Tournament statistics
- Matches played: 4
- Goals scored: 11 (2.75 per match)
- Top scorer(s): Oleh Protasov (2 goals)

= Four Nations Tournament (1988) =

The Four Nations Tournament (German: Vier-Länder-Turnier) was an invitational association football competition between four national teams, organized by the German Football Association (DFB). The teams of West Germany, Soviet Union, Argentina and Sweden competed against one another at Olympic Stadium, West Berlin from 31 March to 2 April 1988, with Sweden the tournament winners.

==Background==
West Germany had been elected host country of the 1988 European Football Championship finals, but because of the ongoing division of Germany, UEFA decided against using West Berlin as a venue for any of the matches at the finals. This was a compromise taken at the insistence of the Soviet Union and East Germany. The DFB, led by Hermann Neuberger, accepted and thus West Germany secured the right to host the Championship.
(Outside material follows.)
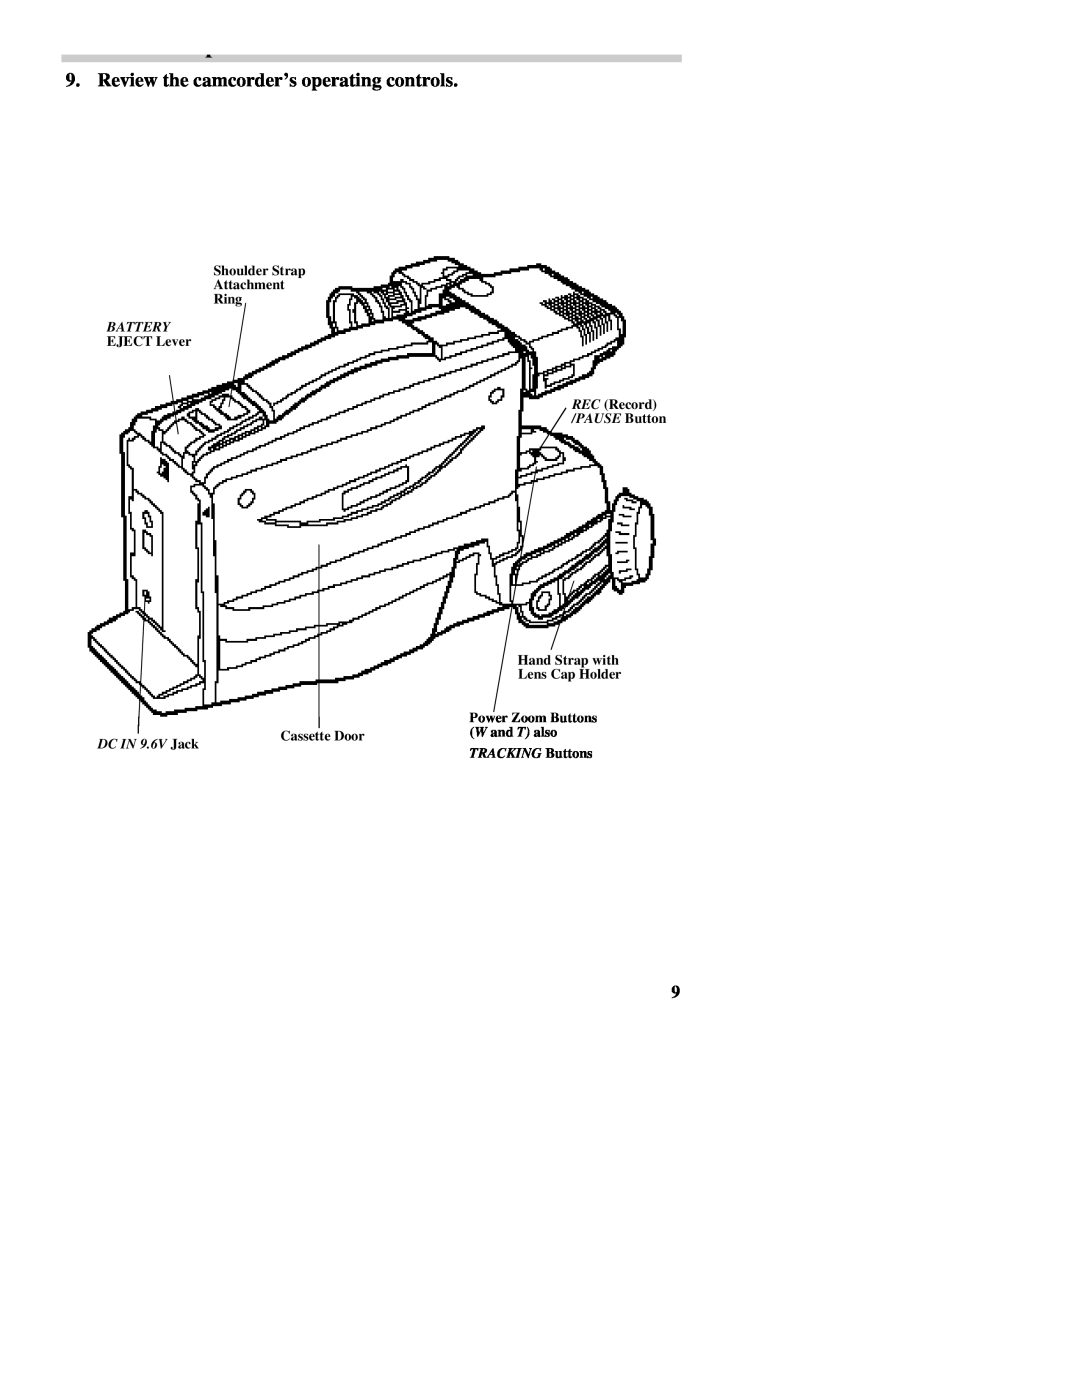 RCA CC437 manual Review the camcorder’s operating controls, Shoulder Strap Attachment Ring, EJECT Lever, Cassette Door

As compensation to West Berlin, whose Olympic Stadium would not be used at that tournament, a Four Nations Tournament was staged there over Easter 1988.

==Tournament==
The teams invited to the tournament, along with 1986 World Cup runners-up West Germany, were:
- Argentina, the reigning world champions
- Soviet Union
- Sweden
Two semi-finals were played, with the winners facing each other in the final, and the losers playing a third-place playoff. In the event of a draw after 90 minutes, there was no extra time but an immediate penalty shootout.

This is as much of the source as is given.